The unveiling of Research In Motion Ltd. 's new PlayBook tablet computer has, at least temporarily, sweetened the Street's souring take on Canada's largest and most important technology company.
RIM has gradually lost market share in the bruising smart-phone wars, as Apple Inc. and devices running Google Inc.'s Android operating system have eaten into a market that RIM used to own. Geopolitical problems in markets crucial to RIM's international expansion, such as India and Saudi Arabia, didn't help.
But with its new PlayBook, RIM seems to have offered Bay Street a tablet from on high, capable of rewriting that increasingly grim narrative.
"We think the perception on RIM will change," Chris Umiastowski of TD Securities Inc. wrote in a research note to clients. "So long as RIM continues to execute, there are few reasons for bears to stay negative on the stock."
The PlayBook is a three-pronged attack. First, by exploiting weaknesses that business customers saw in the iPad, such as the lack of multi-tasking and video conferencing and its incompatibility with Adobe Systems Inc.'s Flash, RIM is likely to see strong interest from corporate clients.
Second, RIM continues its push into the consumer space by making its operating system more appealing; unlike the iPad, the Playbook can record video and take photographs.

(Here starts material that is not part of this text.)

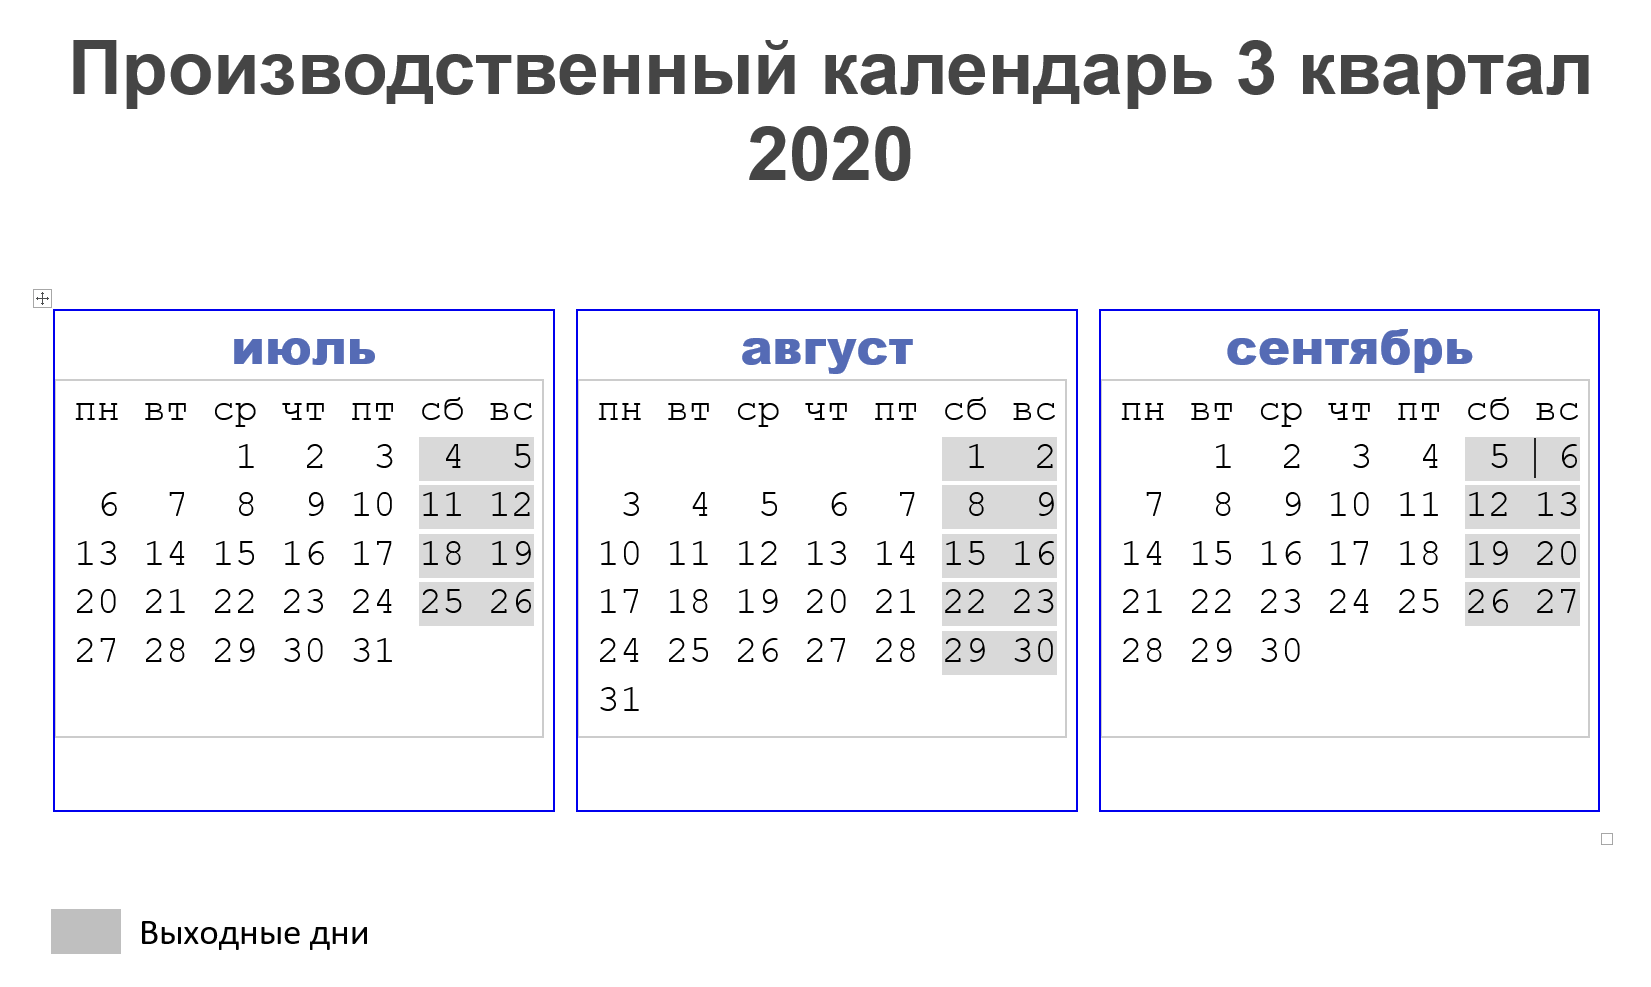 производственный календарь на 3 квартал 2020 года

Finally, the company gave strong signs of support to application developers, hinting at its developers' conference on Monday that RIM may soon gain ground on Apple and Google platforms in terms of compelling apps. That would make the product more appealing to consumers as well as the firm's core market among the productivity-minded.
"We think the tablet will be compelling for enterprises," said Tim Long, an analyst with BMO Nesbitt Burns Inc. "We also think the advertising service will help attract developers to the platform and provide additional revenue sources for RIM."
At the same time, however, RIM's push into the tablet market puts it up against a slew of powerful competitors, including Dell Inc. and Hewlett Packard. There is also speculation that the second generation of Apple's iPad will be ready by the time RIM actually starts to sell the PlayBook in the United States in early 2011, potentially deflating the company's momentum once again.
But even with its vague launch details, RIM's tablet has, for now, burnished the company's image at a much-needed point in its struggle to maintain relevance. RBC Dominion Securities Inc. analyst Mike Abramsky estimates that RIM may sell as many as six million PlayBooks in the first year. As a comparison, Apple sold three million iPads in the U.S. in its first 80 days on sale.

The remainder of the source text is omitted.